After you’ve implemented support for switching GPUs, you then have to tell the system that the support exists, so that it won’t take the legacy approach of choosing one GPU for the lifetime of your app. You can do this either by setting NSSupportsAutomaticGraphicsSwitching = YES in your Info.plist inside your app’s bundle, or, if you’re using CGL, you can use the kCGLPFASupportsAutomaticGraphicsSwitching pixel format attribute when you create the context. Luckily, CGLPixelFormatObj and NSOpenGLPixelFormat can be freely converted between (likewise with CGLContextObj and NSOpenGLContext).

Now that you’ve told the system you know how to switch GPUs, the system won’t force us to use the discrete GPU. However, if you naively create an OpenGL context, you will still use the discrete GPU by default.
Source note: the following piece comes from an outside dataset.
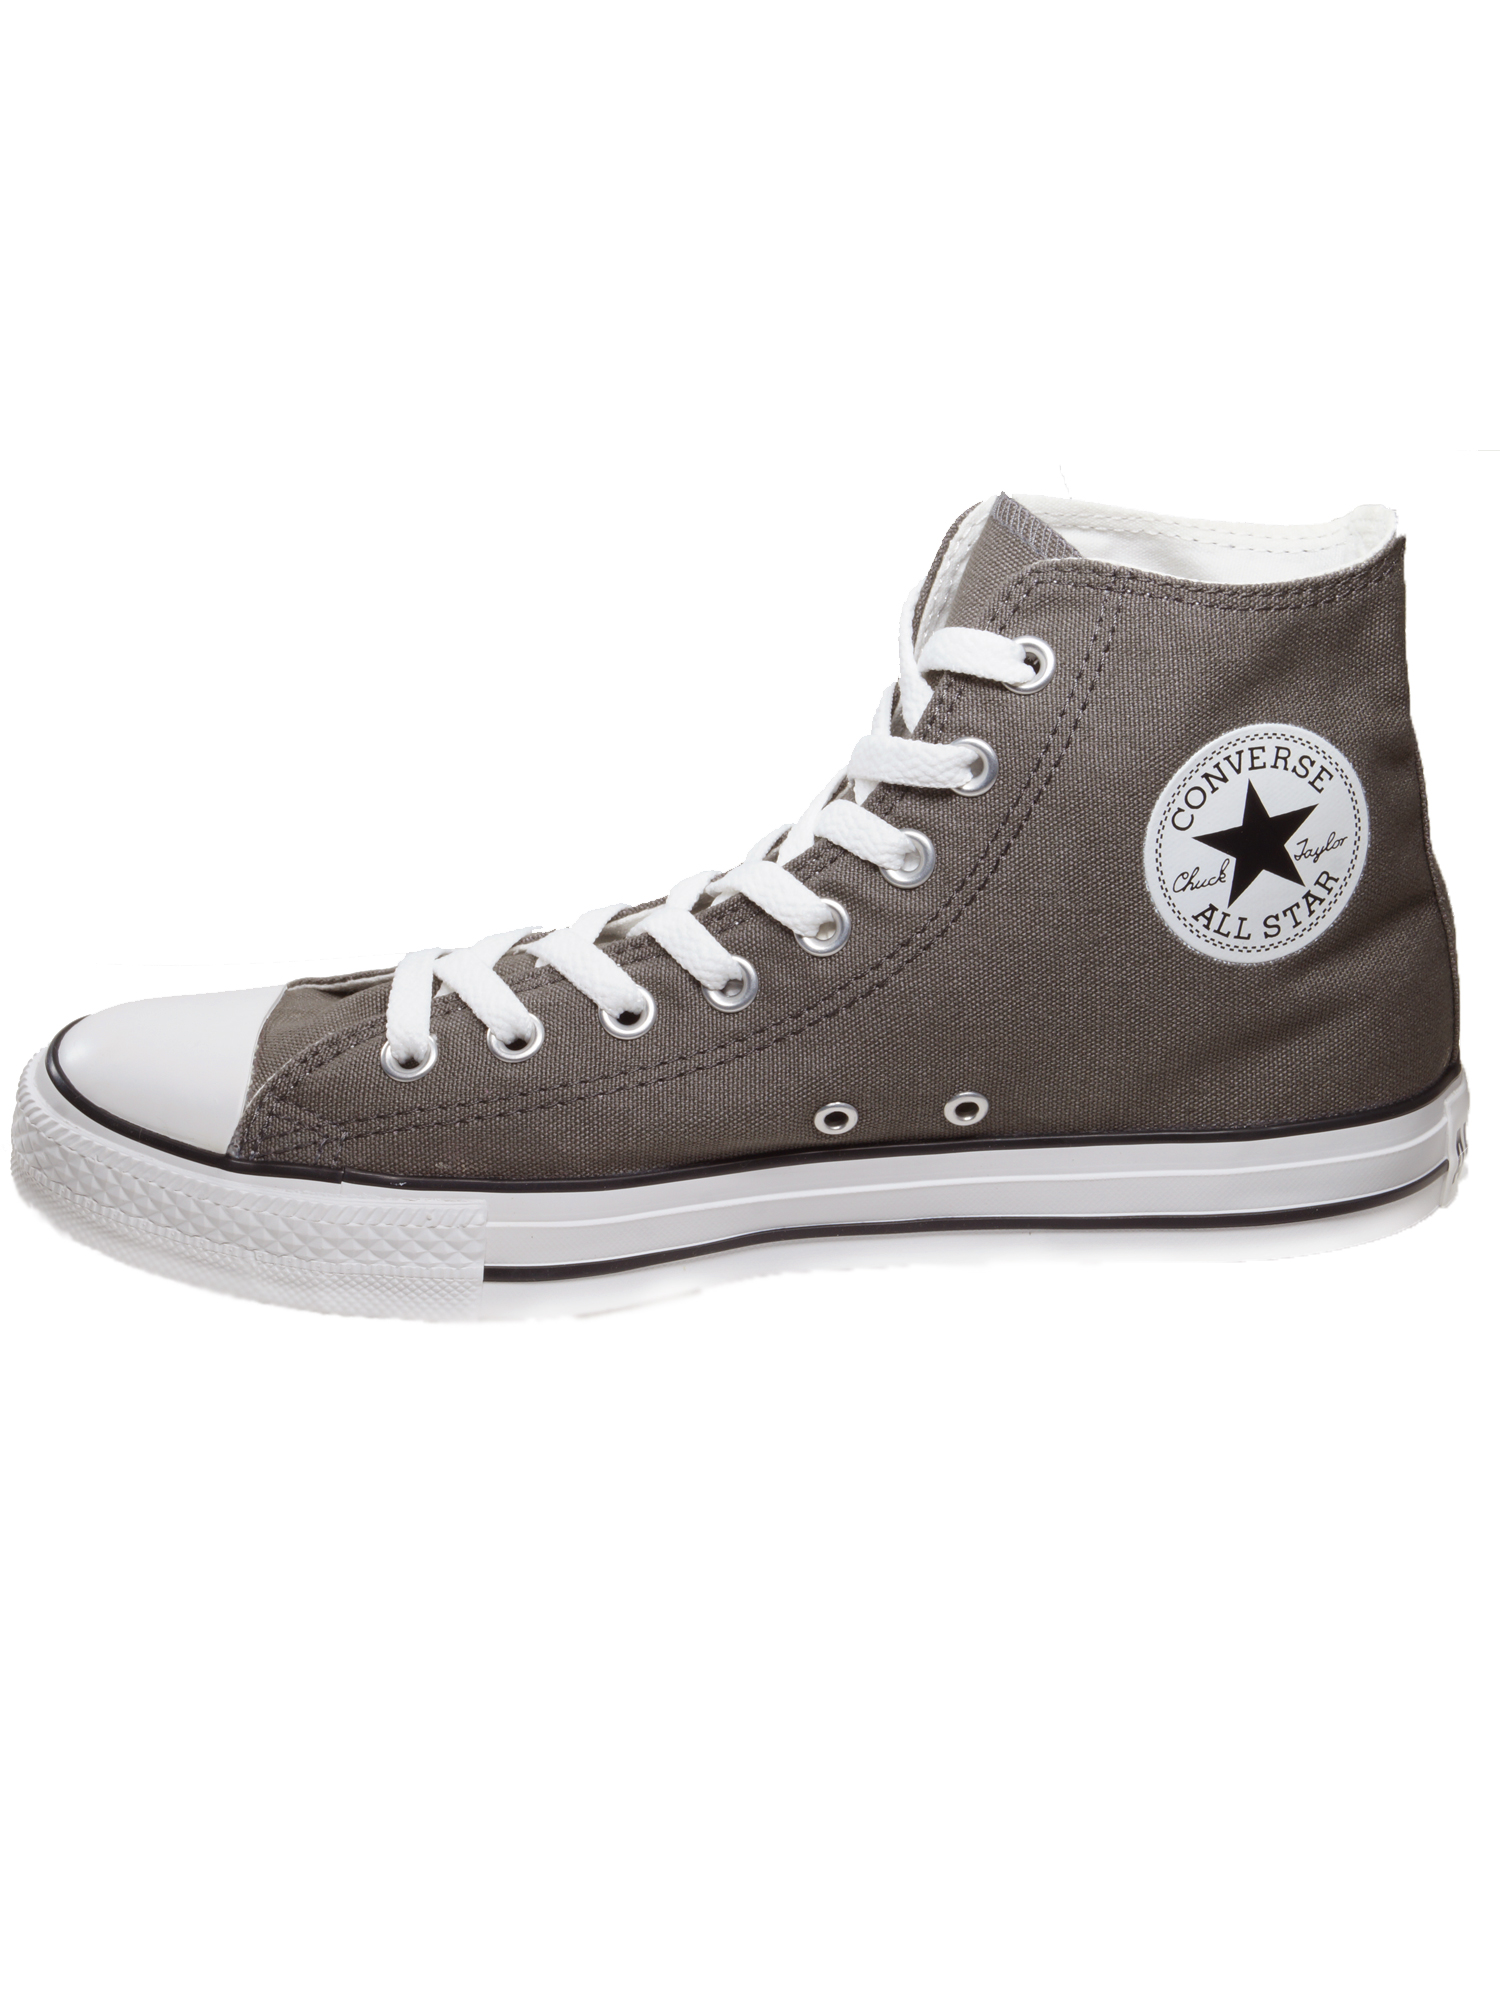 wholesale dealer 59d15 cf271 Converse Herren Schuhe CT Spec Hi Grau Leinen Sneakers Größe 43
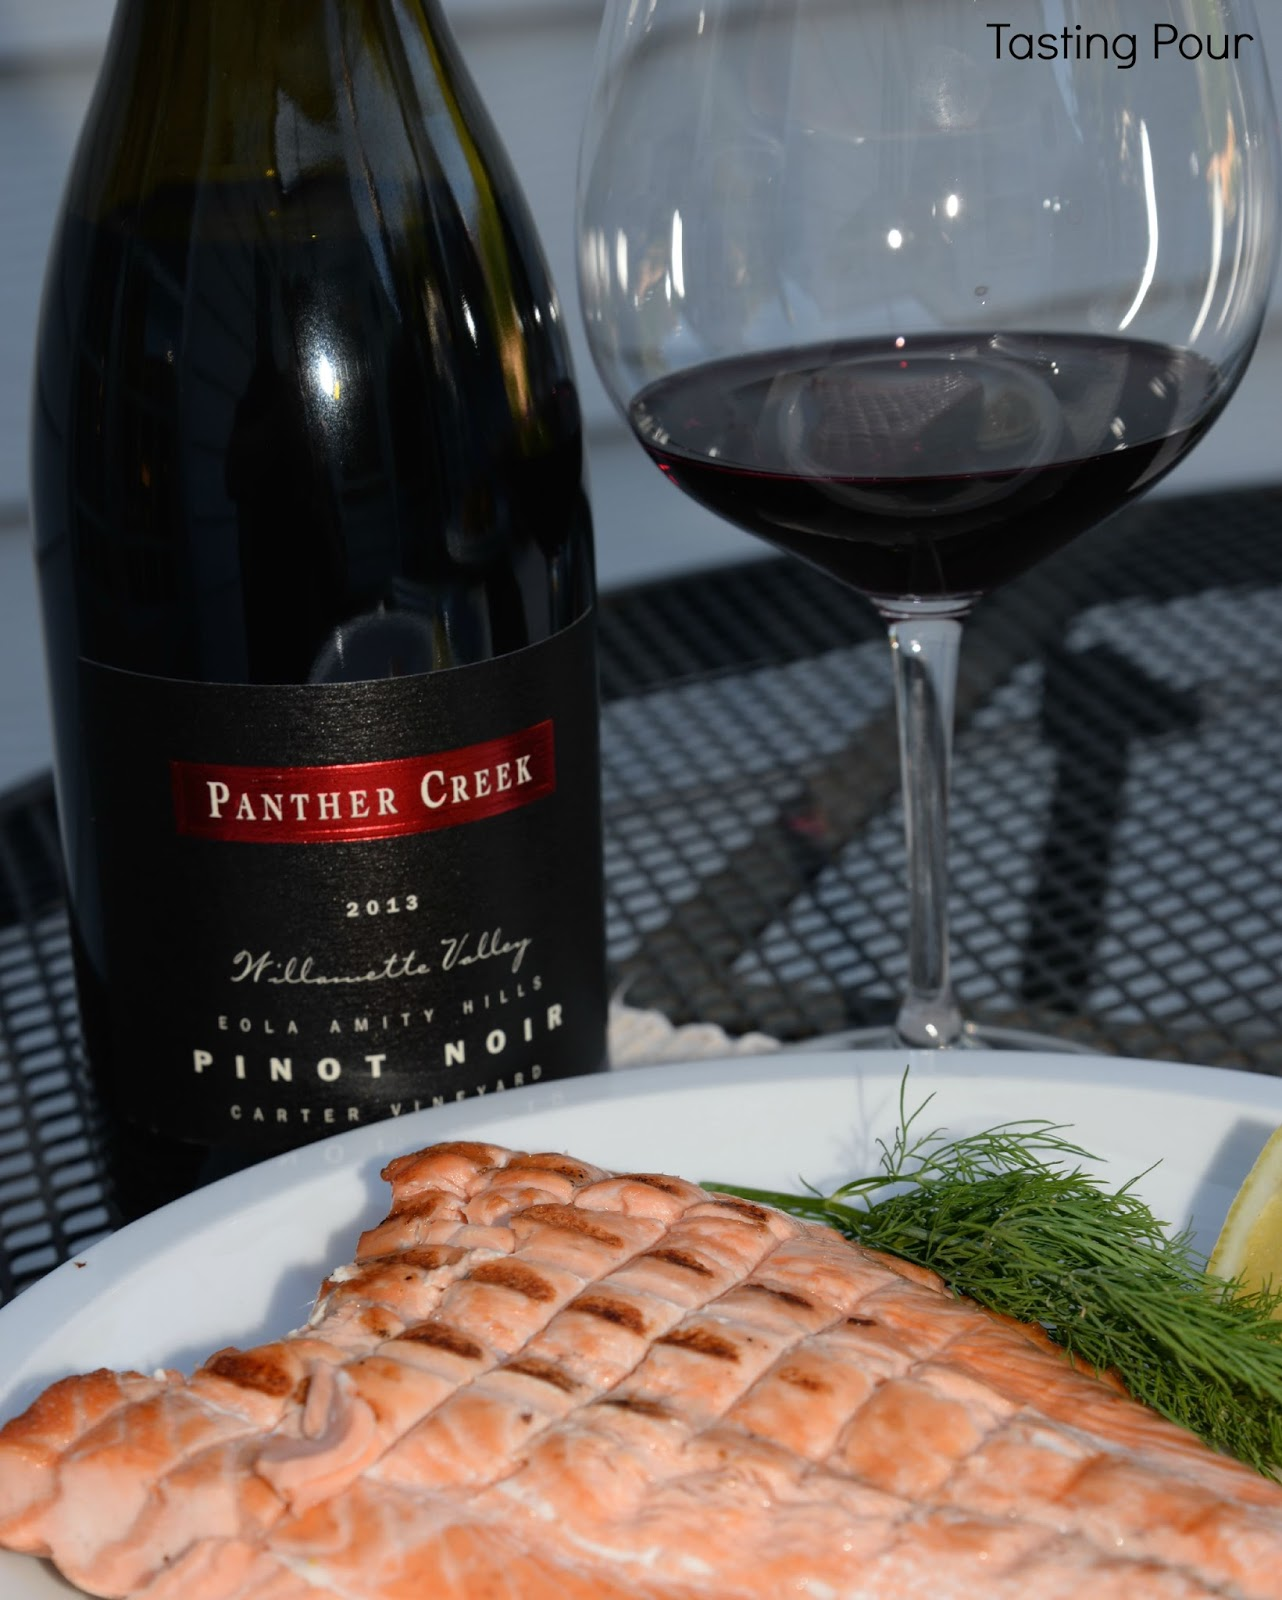 Panther Creek Cellars Carter Vineyard Pinot Noir and Salmon & Panther Creek Cellars Pinot Noir Pairings - Tasting Pour by Jade Helm

It means, however, you now have the ability to specify that you would prefer the integrated GPU. You do this by specifying that you would like an “offline” renderer (NSOpenGLPFAAllowOfflineRenderers).

So far, I’ve discussed how we go about rendering into an NSView. However, there are a few other rendering destinations that we can render into.

The first is: no rendering destination. This is considered an “offscreen” context. You can create one of these contexts by never setting the context’s view (which NSOpenGLView does for you). One way to do this is to simply create the context with CGL, and then never touch NSOpenGLView.

Why would you want to do this? Because OpenGL commands you run inside an offscreen context still execute. You can use your newly constructed context to create a framebuffer object, and render to an OpenGL renderbuffer. Then, you can read the results out of the render buffer with glReadPixels(). If your goal is rendering a 3D scene, but aren’t interested in outputting it on a screen, this is the way to do it.

Another destination is a CoreAnimation layer. In order to do this, you would use a CAOpenGLLayer or NSOpenGLLayer. The layer owns and creates the OpenGL context and pixel format; however, it does this with input from you. The idea is that you would subclass CAOpenGLLayer/NSOpenGLLayer and override the copyCGLPixelFormatForDisplayMask: method (and/or the copyCGLContextForPixelFormat: method). When CoreAnimation wants to create its context, it will call these methods. By supplying the pixel format method, you can specify that, for example, you want an OpenGL version 4 context rather than a version 2 context. Then, when CoreAnimation wants you to render, it will call a draw method which you should override in your subclass and perform any drawing you prefer. By default, it will only ask you to draw in response to setNeedsDisplay, but you can set the “asynchronous” flag to ask CoreAnimation to continually ask you to draw.

Another destination is an IOSurface. An IOSurface is a buffer which can live in graphics memory which can represent a 2D image. The interesting part of an IOSurface is that it can be shared across process boundaries. If you do that, you have to implement synchronization yourself between the multiple processes. It’s possible to wrap an OpenGL texture around an IOSurface, which means you can render to an IOSurface with render-to-texture. If you create a framebuffer object, create a texture from the IOSurface using CGLTexImageIOSurface2D(), bind the texture to the framebuffer, then render into the framebuffer, the result is that you render into the IOSurface. You can share a handle to the IOSurface by using IOSurfaceCreateXPCObject(). Then, if you manage synchronization yourself, you can have another process read from the IOSurface by locking it with IOSurfaceLock() and getting the pointer to the mapped data with IOSurfaceGetBaseAddressOfPlane(). Alternately, you can set it as the “contents” of an CoreAnimation layer. Or, you could use it in another OpenGL context in the other process.